Thank you so much with the reply and thanks for being willing to review the other problems.

For the propagation of error, I did it the way it shows it in my physics text, physics for scientists and engineers 9th edition on page A21 in the back of the book.

Your way seems more precise, I wonder why my text does it differently.

 

[HallsofIvy]

Can anyone point me in the right direction as to how I should try to solve these problems? I show my attempts at solving them but I am not sure if I am solving them correctly. Also, I'm not sure if my use of significant digits are correct. Any help would be appreciated.

Over a period of (20+-1)s, a car changes from moving forward at (12+-1)m/s to moving (8+-)m/s in reverse. Find the average acceleration of this car.

my answer (8+-1 - 12+-1)/(20+-1)s = (-4+-2)/(20+-1) = (-0.2+-0.1)m/s^2

Not quite, you need to be more careful with the "+-" part. The maximum forward speed is 12+1= 13 mph. The maximum reverse speed is -8-1= -9 mph. The largest possible change in speed is (-9)- 13= -22. The lowest forward speed is 12-1= 11 mph. The lowest reverse speed is -8+1= -7 mph. The least possible change in speed is -7- 11= -18.

The largest change in time during which this change in speed is made is 20+ 1= 21 seconds. The smallest change in time during which this speed in time during which this change in speed is made is 20- 1= 19 seconds. Dividing the largest change in speed by the smallest time change gives the greatest acceleration, -22/19 mile per hour per second. Dividing the smallest change in speed by the largest time change gives the least acceleration, -18/21 miles per hour per second. The average acceleration is (-22/19- (-18/21))/2.

Consider an object with position given by s=2.27t^3-1.81t+1.12, where position is in m when time is in s. a)Find its average velocity from t=0.00 s to t=4.70 s. b)Find its velocity at t=2.35 s. c)Find the time at which the object velocity is zero. d)Find the objects acceleration at t=2.35 s.

my answers
s=2.27t^3-1.81t+1.12
v=6.81t^2-1.81
a=13.62t

Yes, those are correct- although one could argue that, looking at signifiicant figures, the last should be a= 13.6t.

a) (96.45-(1.21))/4.70 = 20.3m/s I believe average velocity is displacement over change in time.

Your "belief" is correct but where did you get "96.45"? That is not what I get putting t= 4.7 into the equation for s.

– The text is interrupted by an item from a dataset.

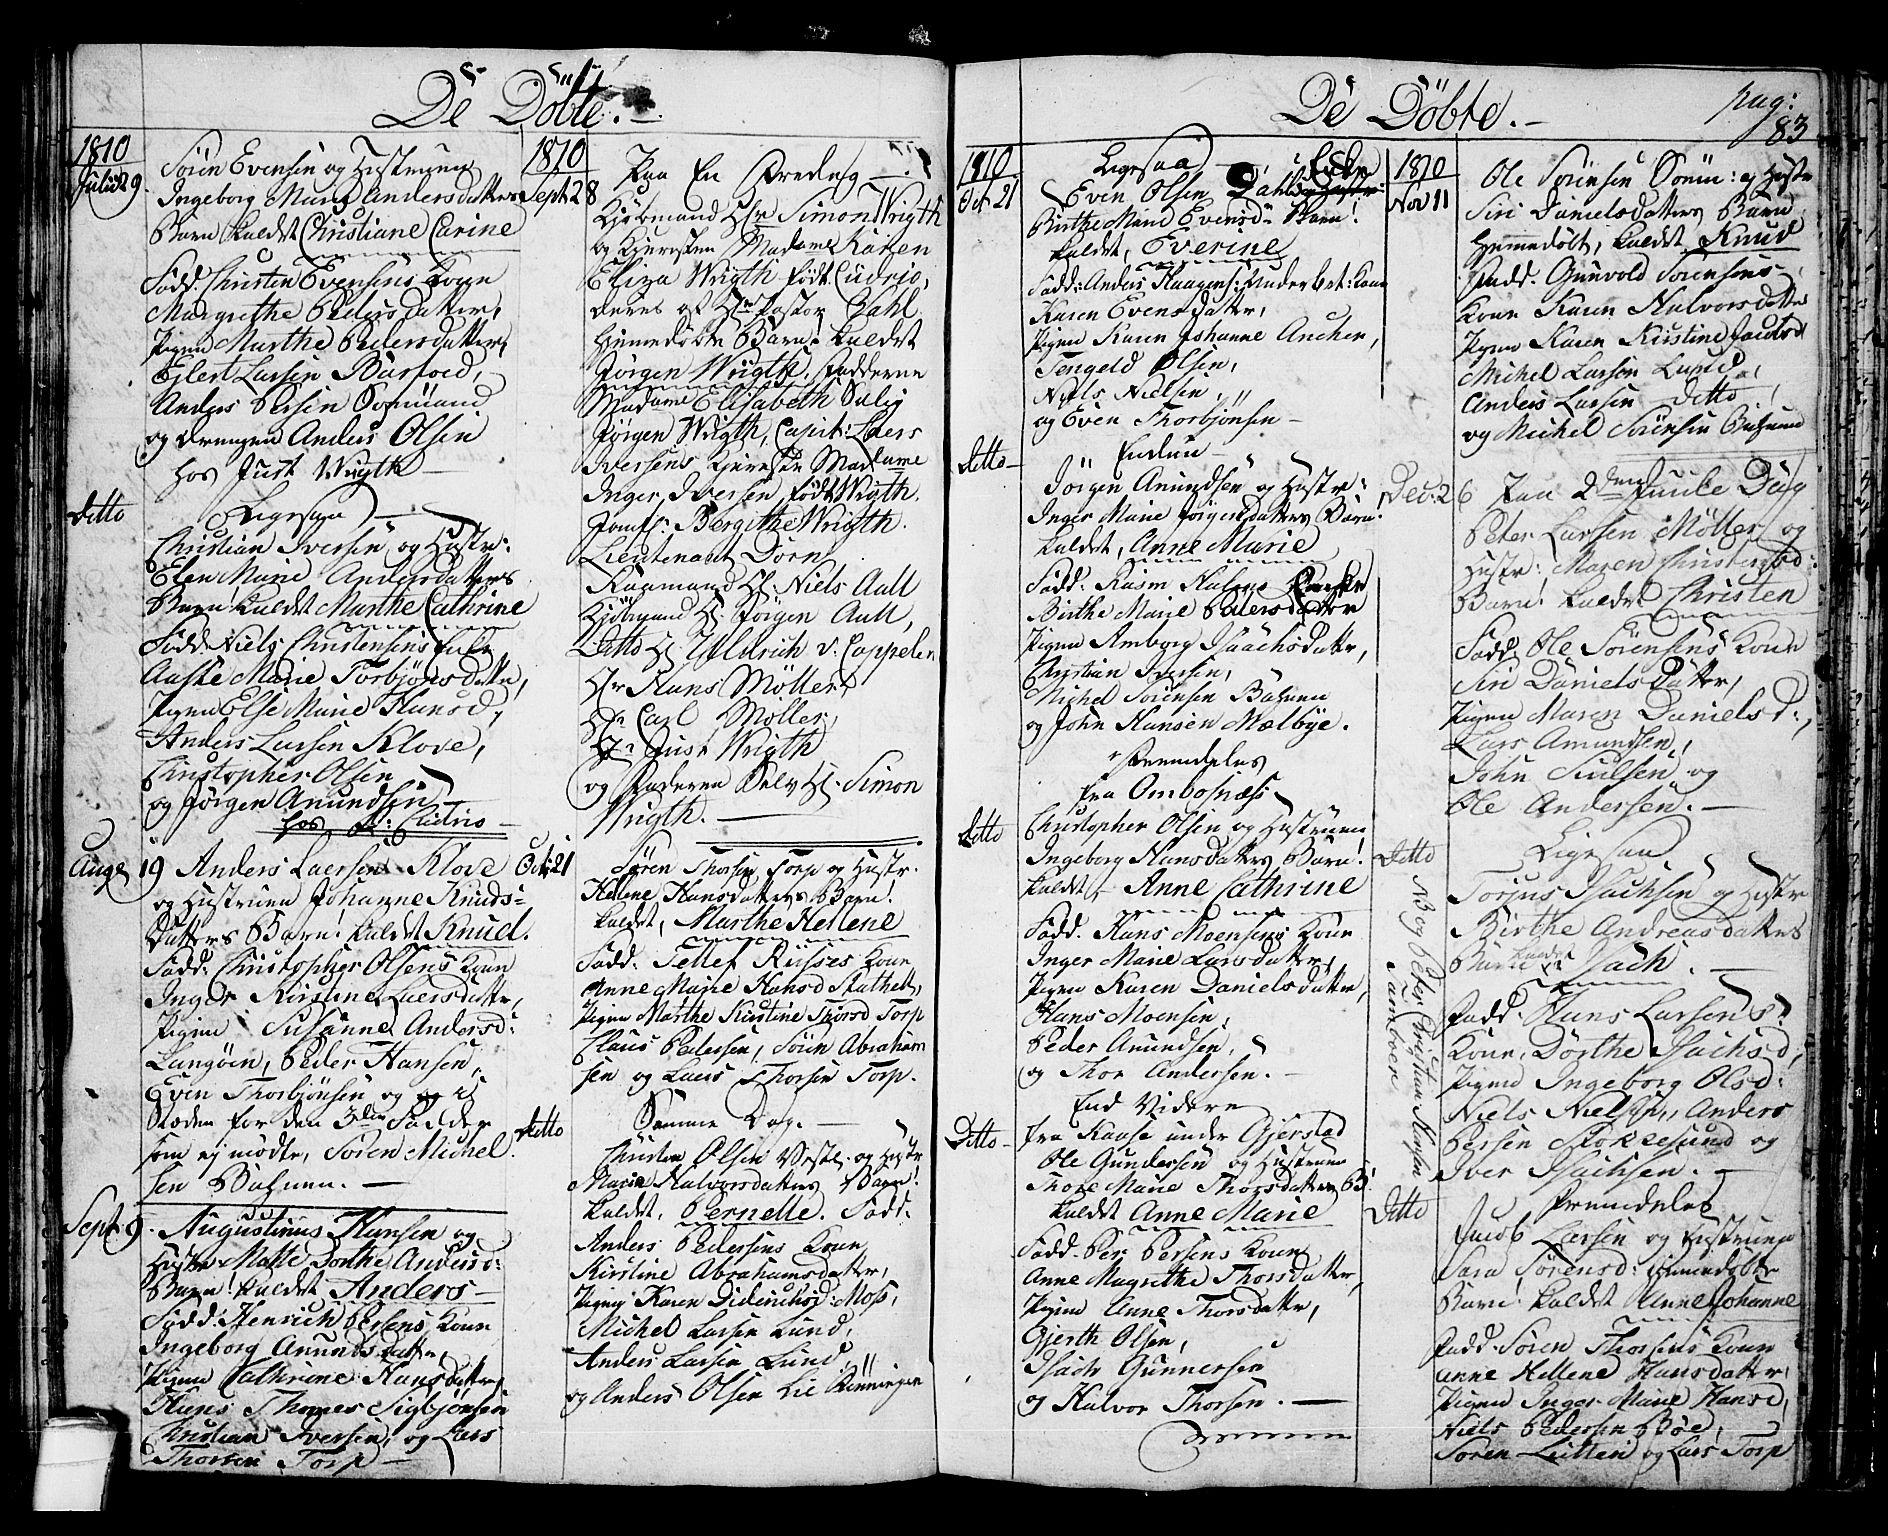 SAKO, Langesund kirkebøker, G/Ga/L0002: Klokkerbok nr. 2, 1801-1815, s. 83

b) Just plugging in t=2.35 in velocity equation to get 35.8m/s

Yes, that is correct.

c) 6.81t^2-1.81=0, t= +-0.516, we want positive value for time can't be negative.

Yes, that is correct.

d) Just plugging in t=2.35 in acceleration equation to get 32.0

Yes, that is correct- and the correct number of significant figures!

A moving object has a velocity v=1.2t-0.23t^2, where the velocity is in m/s when time is in seconds. a)Find the object's maximum velocity. b)Given that the object is at the origin at t=0, determine its location when the velocity is a maximum. c)Find the object's acceleration when its velocity is zero.

my answers
v=1.2t-0.23t^2
Integrating to get s=0.6t^2-0.077t^3, where C=0
a=1.2-0.46t

a) I think max velocity occurs when acceleration = 0. This happens at t=1.2/.46= 2.6. Then I plug this time into velocity equation to get v=1.6

Yes, that is correct.

b) Since I just found the maximum velocity, I would plug that into the position equation to get 1.220608 or 1m

Your position equation is correct but you put in t, not v!! Set t= 2.6, not 1.6.

c) I set velocity equation= 0 to get t(1.2-0.23t)=0, t=0 and t=5.2. Plugging those numbers into the acceleration equation yields a=1.2 and a= -1.2

Yes, that is correct.

 

[DrPhil]

For the propagation of error, I did it the way it shows it in my physics text, physics for scientists and engineers 9th edition on page A21 in the back of the book.

Your way seems more precise, I wonder why my text does it differently.

HallsofIvy showed how to manipulate errors with the definition of \(\displaystyle \pm \ \delta\) being that no random fluctuation of the measurement ever exceeds \(\displaystyle \delta\). In scientific practice, on the other hand, unless some other criterion is stated explicitly, the value used for the statistical uncertainty is \(\displaystyle \pm \ \sigma\), where \(\displaystyle \sigma\) is the standard deviation assigned to the precision of the measurement. That is what leads to the rules I showed.